再び女子会
あれ以来王子が私に触ってくるのをやめてくれた。
これでとっても快適に過ごせる。
そう安心していたがそうではなかった。
「レティ、今日もとっても可愛いよ」
お茶を一緒に飲みながら、クラーク様は笑顔で私を口説いてくる。
そう、私はあの時、ミスをした。
あの時本当は、口説くのもやめろと言っておくべきだったのだ。さらに言えば、この部屋に不要な時来るなとも言うべきだった。
私は今大きな後悔の中にいる。
もう一度あの魔法の言葉を使おうかと思うが、そう何回も使えば効力がなくなるのが目に見えている。
ミス。その一言しかない。
「レティシア、その綺麗な声を聞かせてくれないか」
「黙ってほしいです」
「それは無理かな」
にこりと笑う。
私ははあ、と目の前でため息を吐く。とんだ不敬だがクラーク様は気にしない。
「レティシア、君はとても努力家で、そんな君をいつも俺は見ていたよ」
「そうですか」
一生懸命口説いてくるクラーク様をあしらう。後ろでマリアがそわそわしている。人の恋愛話が好きな彼女だ。私とクラーク様のやり取りが気になって仕方ないのだろう。

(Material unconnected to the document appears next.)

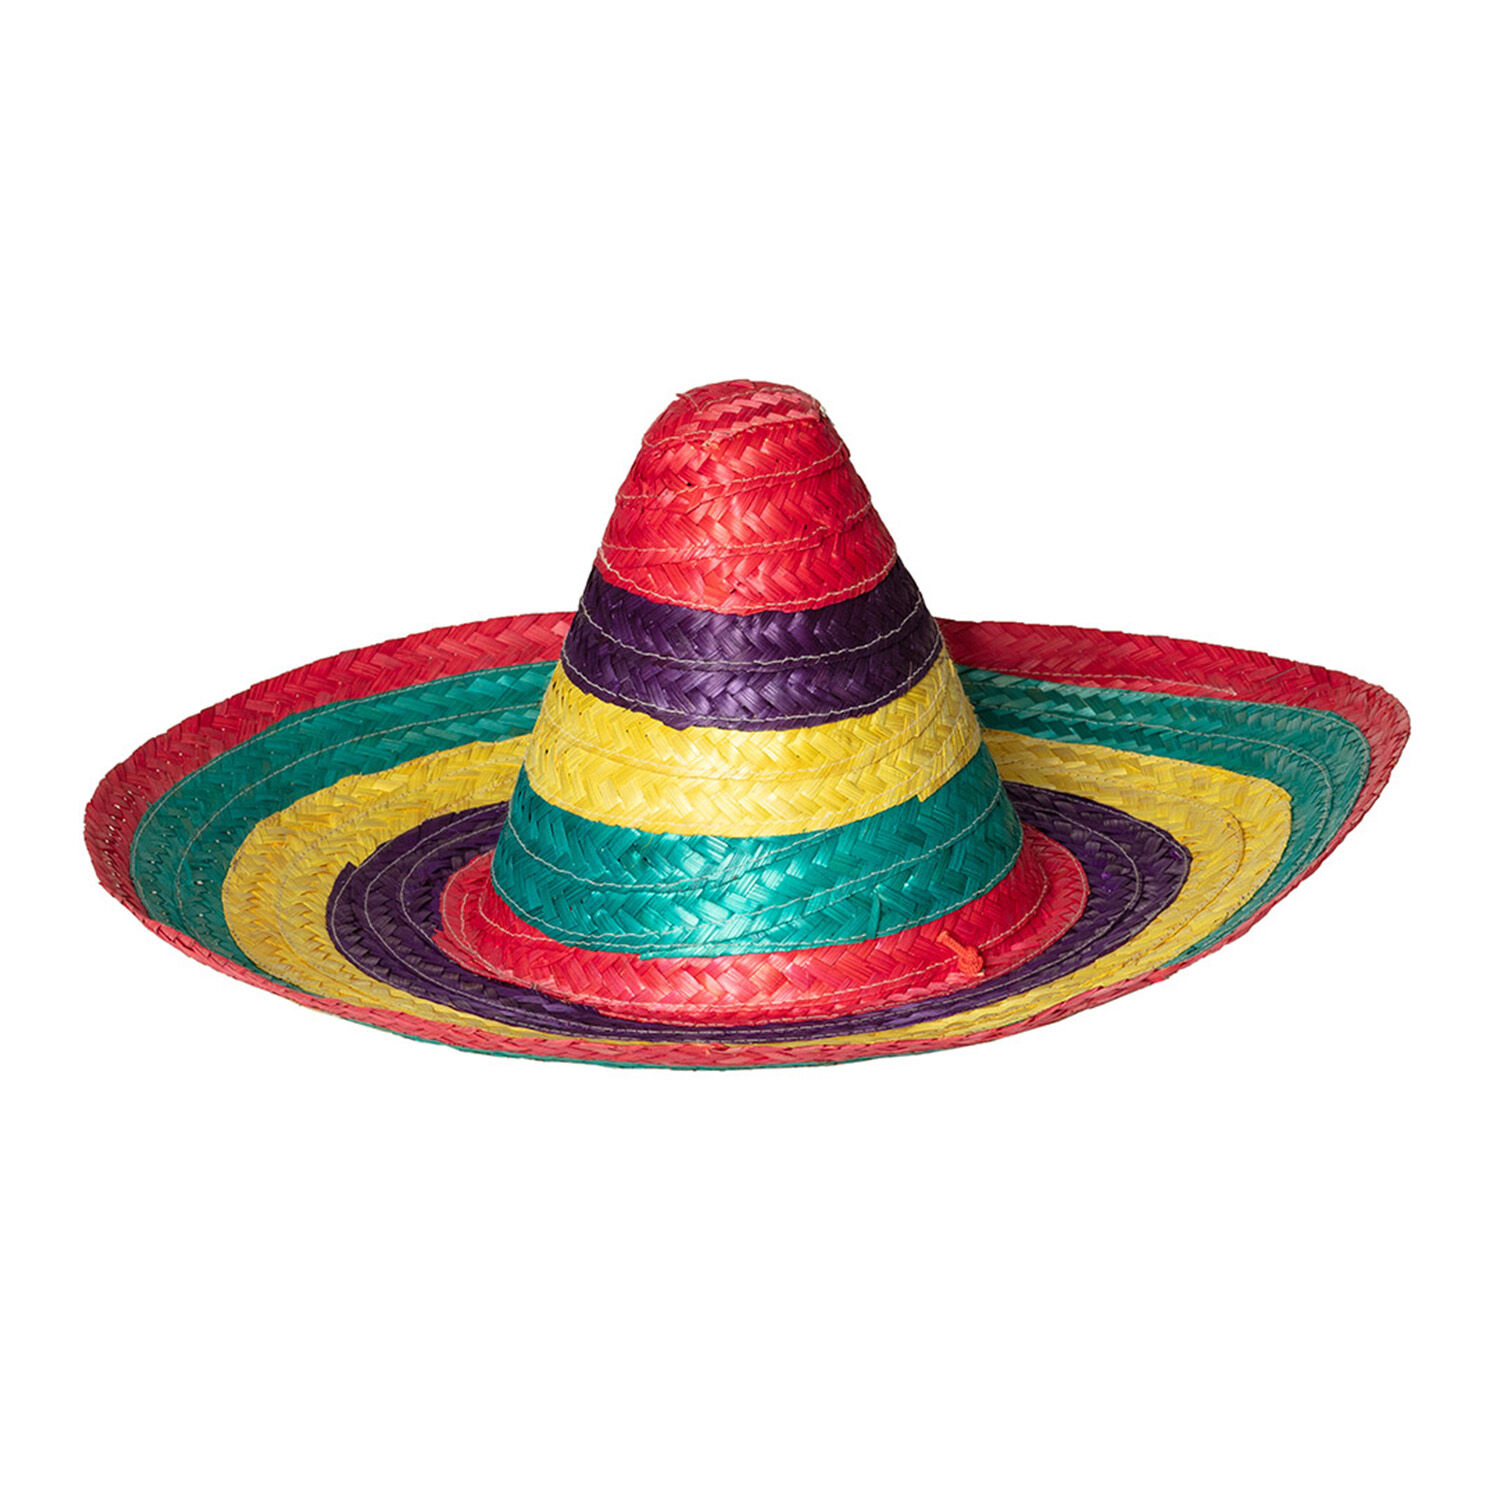 NEU Sombrero bunt, ca. 49cm, auch für Kinder geeignet
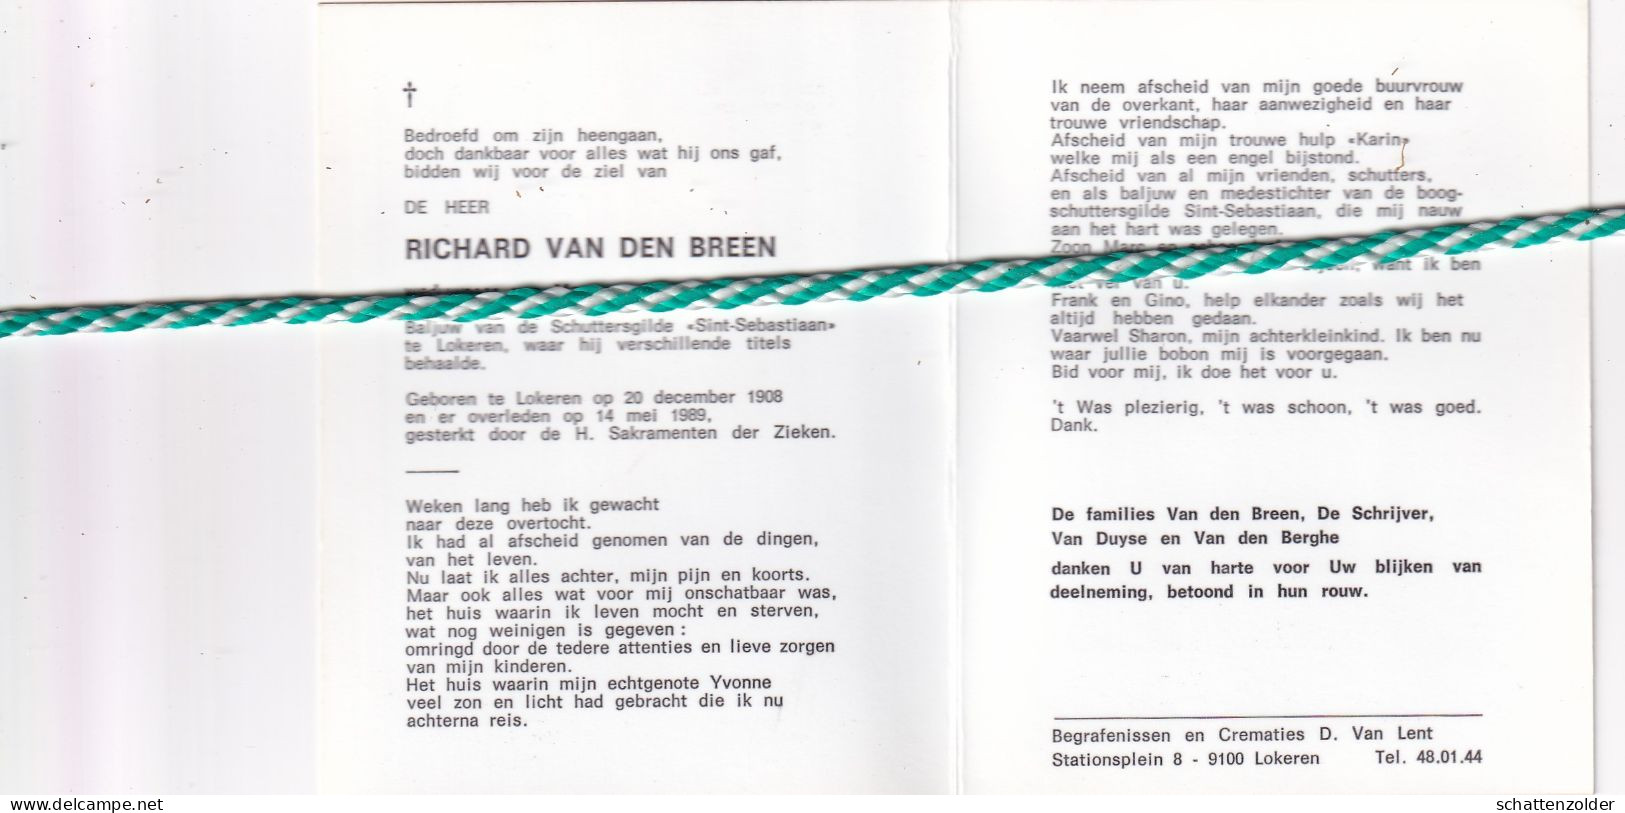 Richard Van Den Breen-De Schrijver, Lokeren 1908, 1989. Foto Baljuw Schuttersgilde "Sint-Sebastiaan" - Todesanzeige

にこにこ私のどこが好きか告げてくるクラーク様に、もう一度私はため息を吐いた。
◆ ◆ ◆
「というわけで、どうすればいいと思う?」
「いや知らないわよ」
茶飲み仲間のブリっ子に言えば、興味なさそうな声が返ってきた。
「さっさとくっつくなり、逃げきるかまでやりなさいよ」
「そんなおざなりな」
「ちなみに私はくっつく方に賭けてる」
「人を賭け事に使うな」
むっとして言うも、ブリっ子は涼しい顔で茶菓子に手を付ける。マリアがお代わりを注いでにっこりする。
「私もくっつく方に賭けました!」
「あなたは賭け事何か覚えちゃダメ!」
私の叫びにマリアはにこにこしている。
純真無垢な子に何てことを教えるんだ。じろりとブリっ子を睨むも、素知らぬ顔でお茶をすすっている。
「あんたの悩みは心底どうでもいい。私はあんたのお兄さんを落とす方法の方が興味がある」
「おっぱい押しつければ」
「あんただってアドバイスする気ないじゃないの」
失礼な、先に答える気無くしたのはそっちの癖に!
「でもまあ、王子に口説くなってのは無理でしょう」
「何でよ」
茶菓子を口にするブリっ子に視線を向ける。涼しい顔で茶菓子を頬張っている。
「口説かないでどうやって相手に好きになってもらうのよ」
「さあ?」
「それもするなって言ったらテンパった王子に手籠めにされるんじゃない?」
「それはいや!」
「じゃあ逃げ道ぐらい作ってあげなさいよ」
ブリっ子に言われてしぶしぶ頷く。
でもなあ。
「あんたに言われると納得したくないのよね」
「ケンカ売ってるのね?」
「マリア、おかわりー」
「聞きなさいよ!」
溜まったストレスはブリっ子で発散しよう。そう決めて私はマリアに淹れてもらったお茶を口に含んだ。